─── Raw data ───

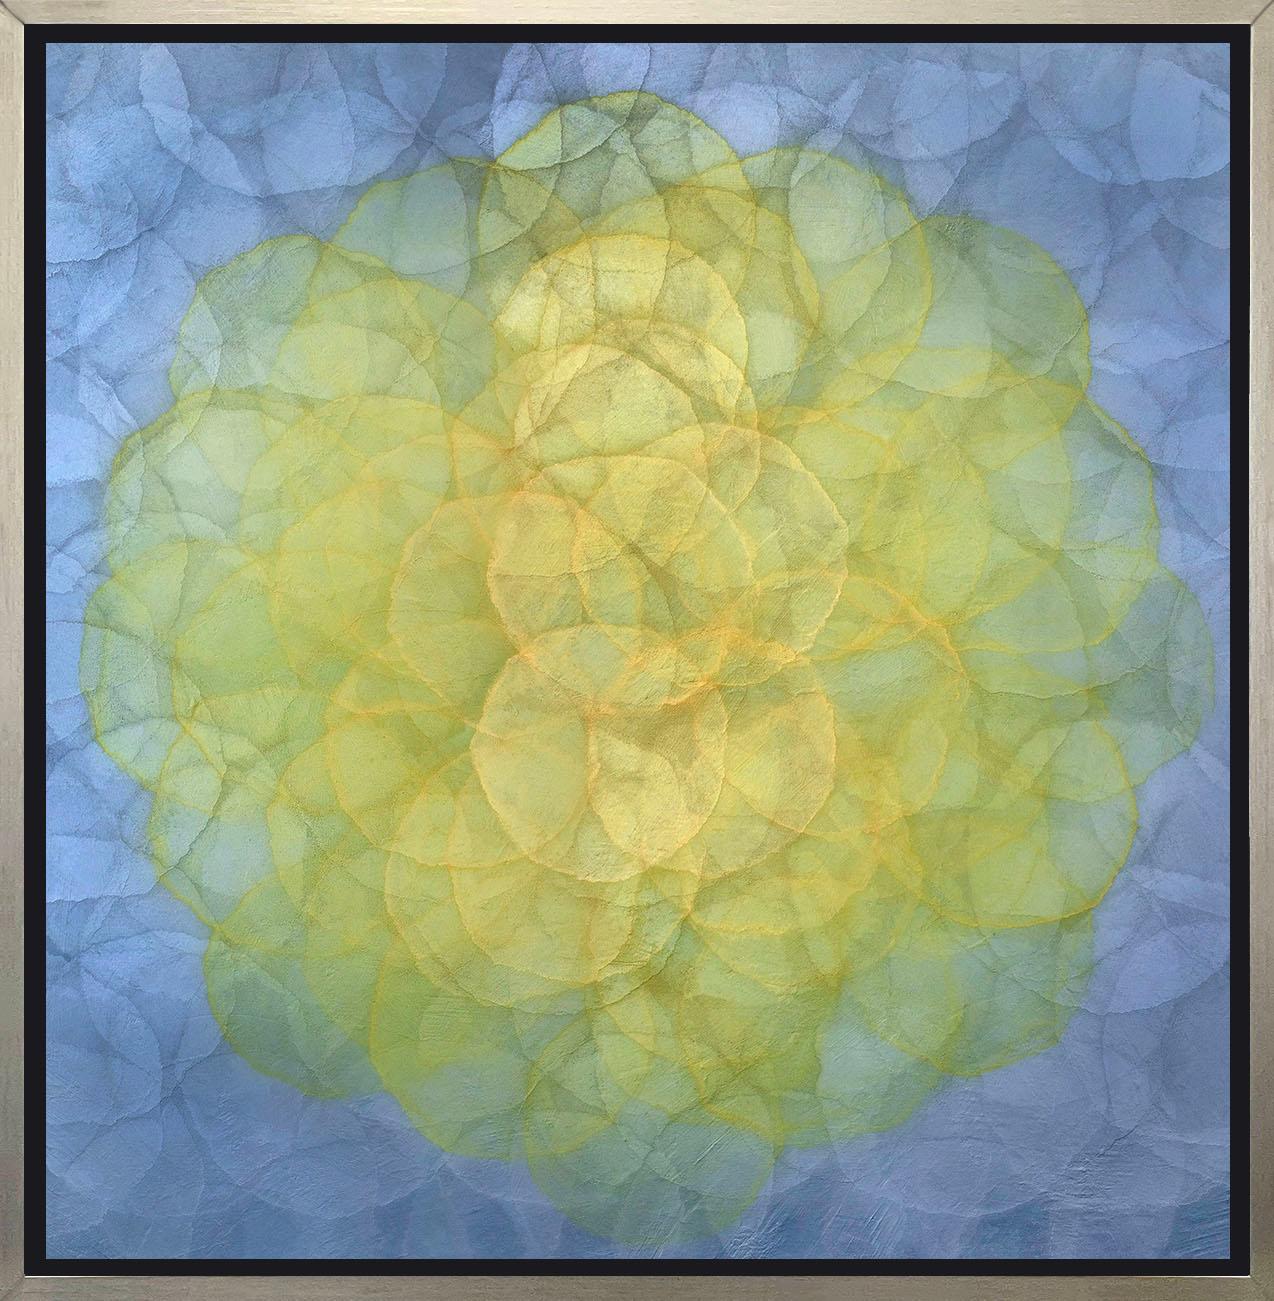 Abstract Print Roger Mudre - "Triteleia - Giclée à tirage limité encadrée, 48" x 48".
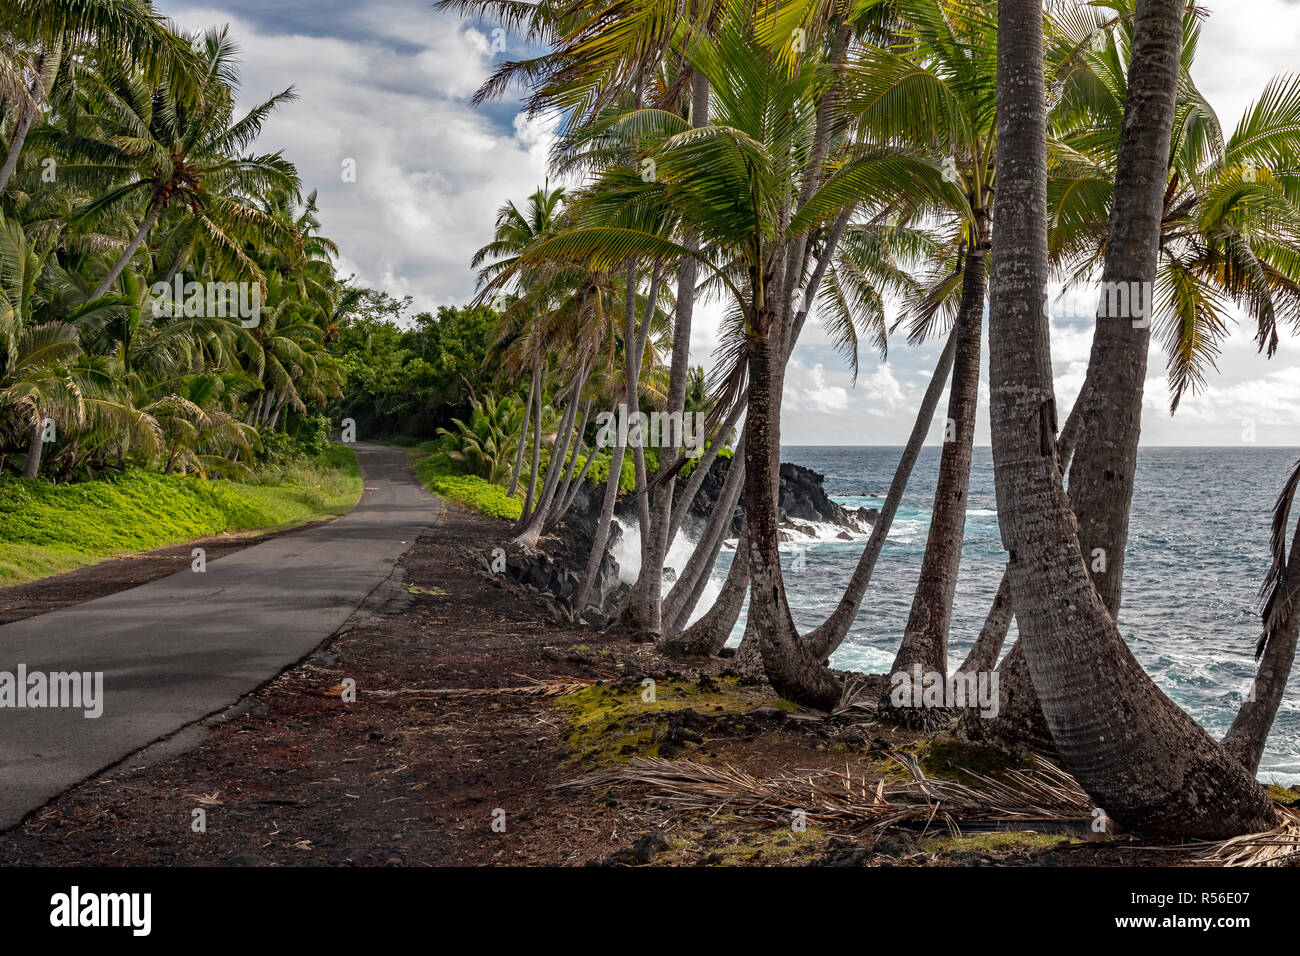 Opihikao, Hawaii - La côte du Pacifique dans la Puna District de la Grande île. Banque D'Images
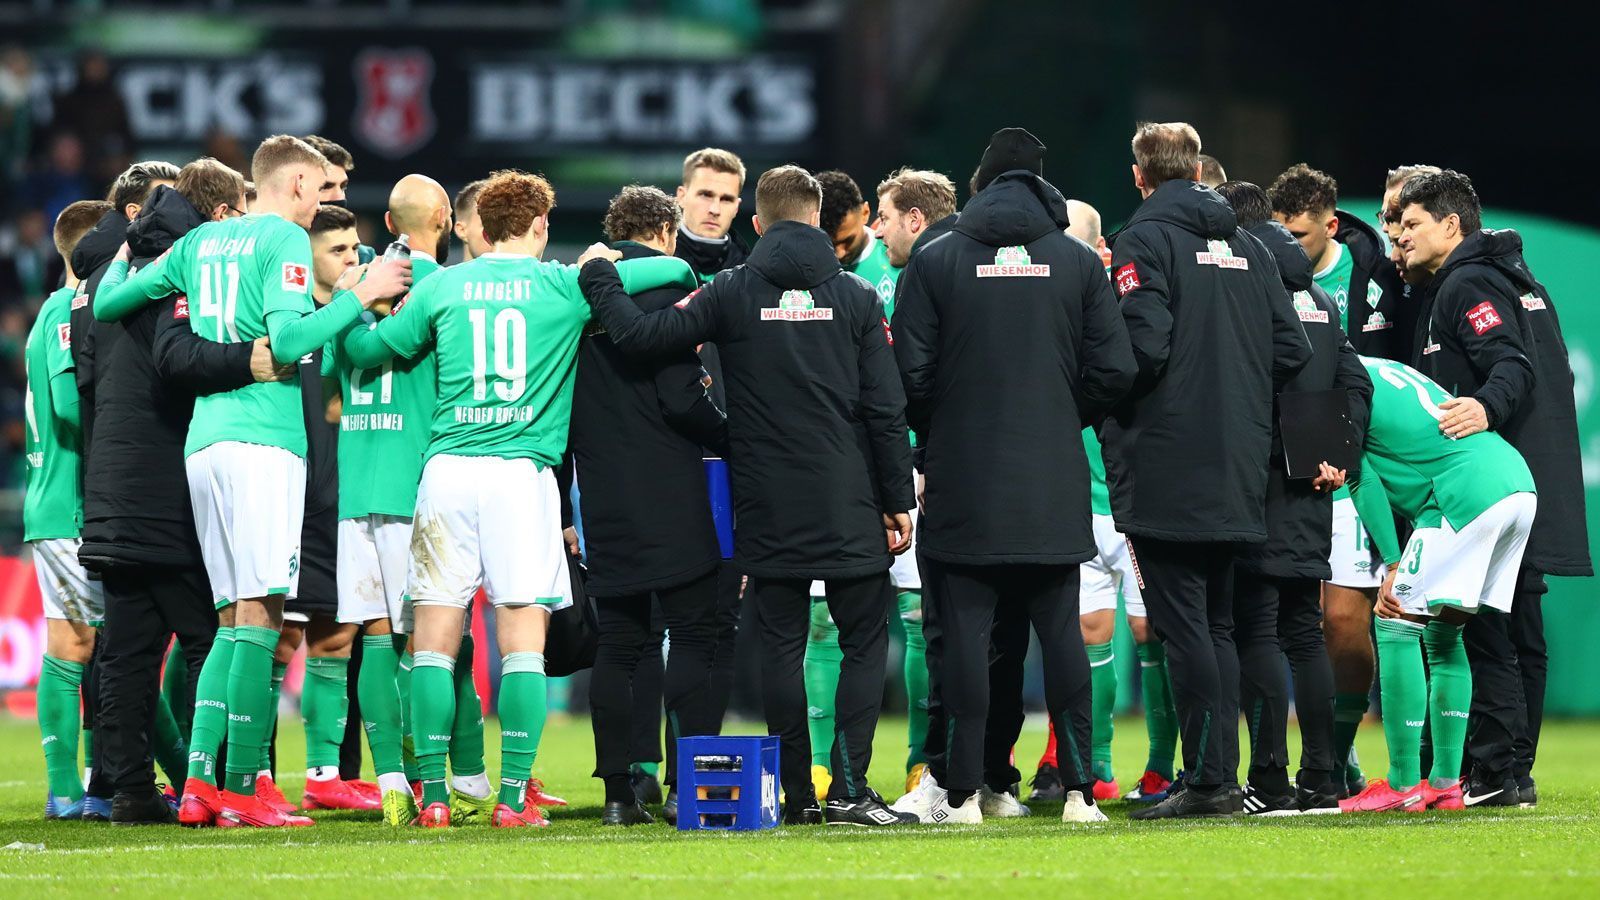 
                <strong>Fazit</strong><br>
                Die Saison des SV Werder Bremen ist bisher eine einzige Enttäuschung. Zu wenig Punkte, zu wenig Heimsiege. Ein Trainer und ein Sportchef, die die Mannschaft vor der Saison deutlich stärker einschätzten, als sie tatsächlich war. Dazu kamen Verletzungspech und Schlüsselspieler außer Form. Eigentlich ist das die typische Bilanz eines Absteigers. Sollten die Bremer erstmals nach 40 Jahren den Weg in die Zweitklassigkeit antreten müssen, wäre dies nach dieser Spielzeit ganz sicher nicht unverdient. Noch gibt es aber die Möglichkeit, in Heidenheim mit einer Partie alles wieder gerade zu biegen. Und die Gruselsaison 2019/20 in einem einzigen Spiel vergessen zu machen.

───

# Instructions to follow
Could you return the whole listing exactly, with every picture removed?

# Output for this exercise
 Abstract Print Roger Mudre - "Triteleia - Giclée à tirage limité encadrée, 48" x 48".
 Opihikao, Hawaii - La côte du Pacifique dans la Puna District de la Grande île. Banque D'Images
                <strong>Fazit</strong><br>
                Die Saison des SV Werder Bremen ist bisher eine einzige Enttäuschung. Zu wenig Punkte, zu wenig Heimsiege. Ein Trainer und ein Sportchef, die die Mannschaft vor der Saison deutlich stärker einschätzten, als sie tatsächlich war. Dazu kamen Verletzungspech und Schlüsselspieler außer Form. Eigentlich ist das die typische Bilanz eines Absteigers. Sollten die Bremer erstmals nach 40 Jahren den Weg in die Zweitklassigkeit antreten müssen, wäre dies nach dieser Spielzeit ganz sicher nicht unverdient. Noch gibt es aber die Möglichkeit, in Heidenheim mit einer Partie alles wieder gerade zu biegen. Und die Gruselsaison 2019/20 in einem einzigen Spiel vergessen zu machen.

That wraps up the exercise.